His long, scraggly hair was several inches past his shoulders. He was wearing a beat-up red tank top and a pair of cargo pants. He looked like ... a blond Jesus. I knew my powers of manifestation were powerful, but this was some voodoo fucking shit. I wondered if I should start some sort of coven when I got home.

"Girl you need to hook up with that. Look how tall he is. Can you imagine how big his dick is?" Ray continued.

"I don’t know, but I’m going to find out!" I replied. I know you can’t always tell what a guy is packing in his pants from looking at him, but mere height proportions would dictate he had a baby’s arm down below.

"So are you from here?" I asked coyly as I sat next to him. It was the cheesiest line ever invented, but I have the pick-up skills of a monkey.

He turned to face me.

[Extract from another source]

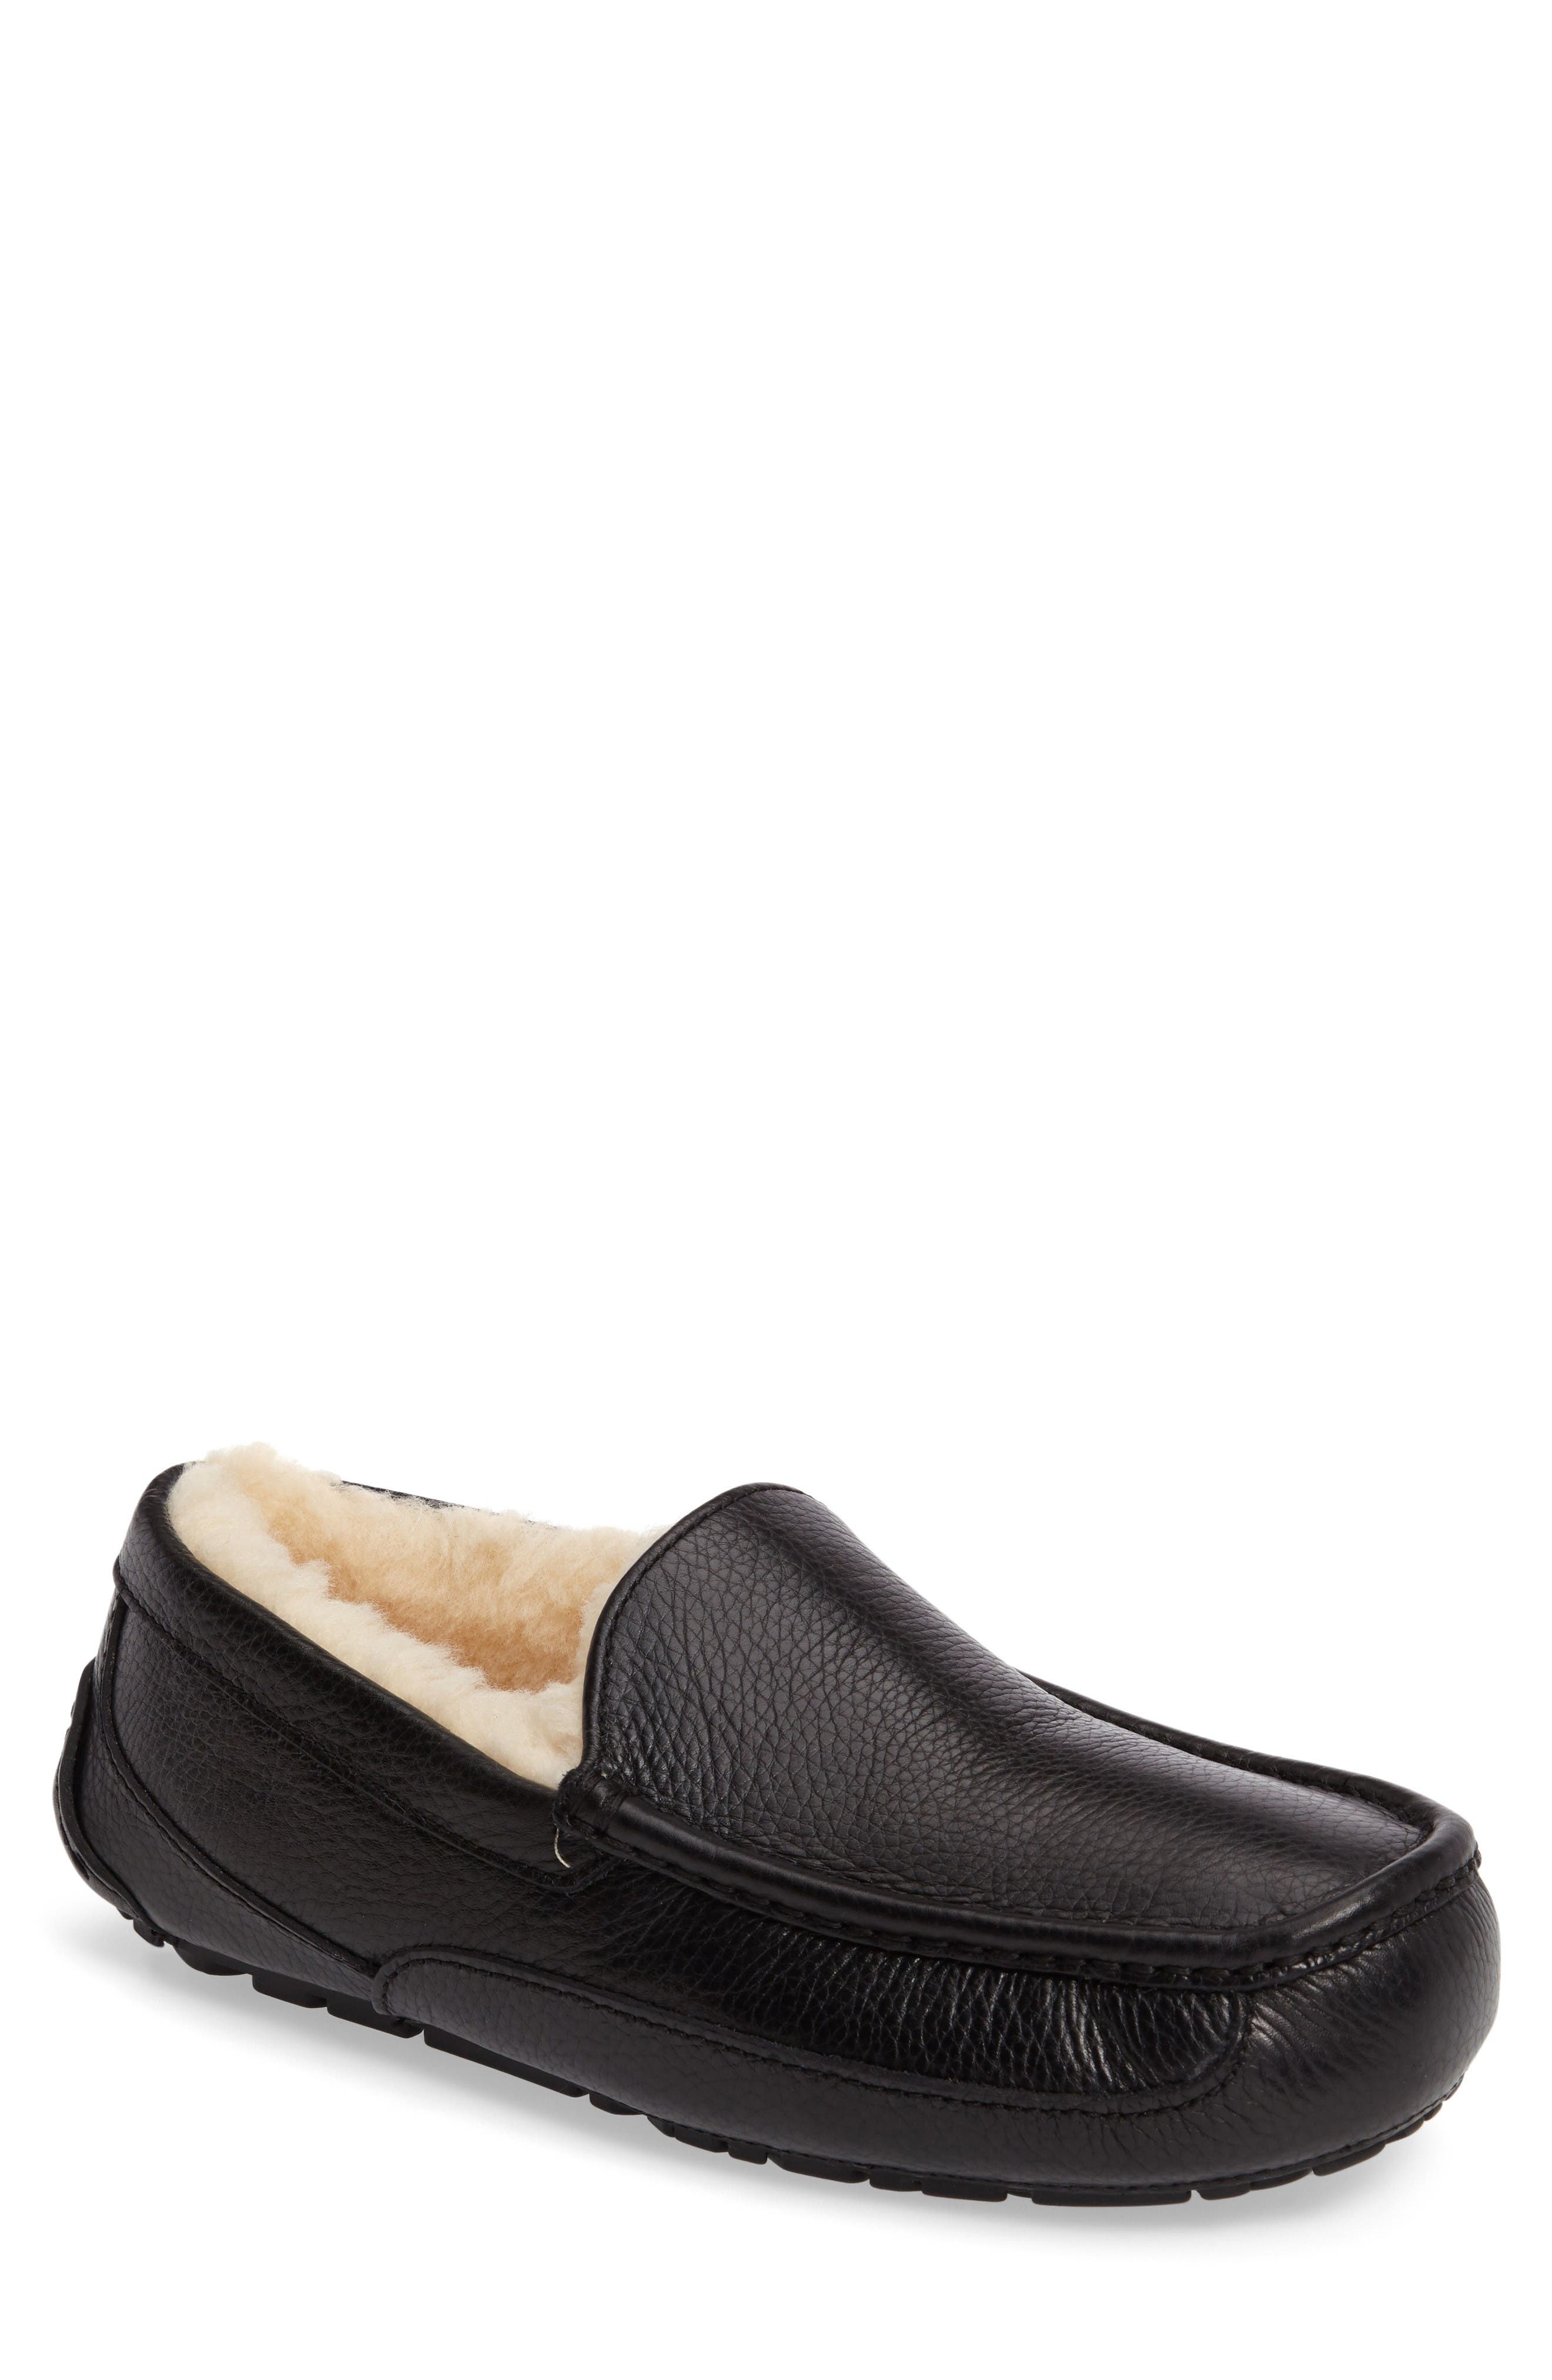 mens leather slippers nordstrom

He was so unbelievably hot I felt like I was looking at the sun.

"Yeah kind of. Well I’m from the Netherlands, but I live here now. Where are you from?"

"New York. I’m here judging a pageant."

"So can I buy you a drink?"

And with those magic words, the flirting began.

Turns out the Dutch Jesus was six-foot-seven. I’m 5 feet 1 inch. 5 feet 5 inches tops in heels. The mere idea of his height was making my panties moist. A mere forty-five minutes later — after my fellow judges made me promise that I would relay all stories tomorrow and making the Dutch Jesus swear he would take good care of me — we were in Jesus’s truck on the way back to my hotel. (For the record, I would normally never get in some random dude’s car, but yet again I figured it was fine since God sent him to me).

Needless to say, Jesus lived up to my vision. He threw me around, yanked my hair, and did everything he was supposed to do, unlike my friend from the night before. His dick was so immense, it actually made wind tunnel sounds as it went in and out.

The next morning after he went to work, I got up and did a dance of joy. I looked in the mirror to check out my post-coital glow. Actually, I didn’t have much of a glow but I did look like I had been electrocuted. My hair was completely frizzy and knotted in the back. Nonetheless, I could now go back home feeling redeemed from my previous night of bad sex.

And to think people say The Secret is bullshit. They don’t know about the Dutch Jesus.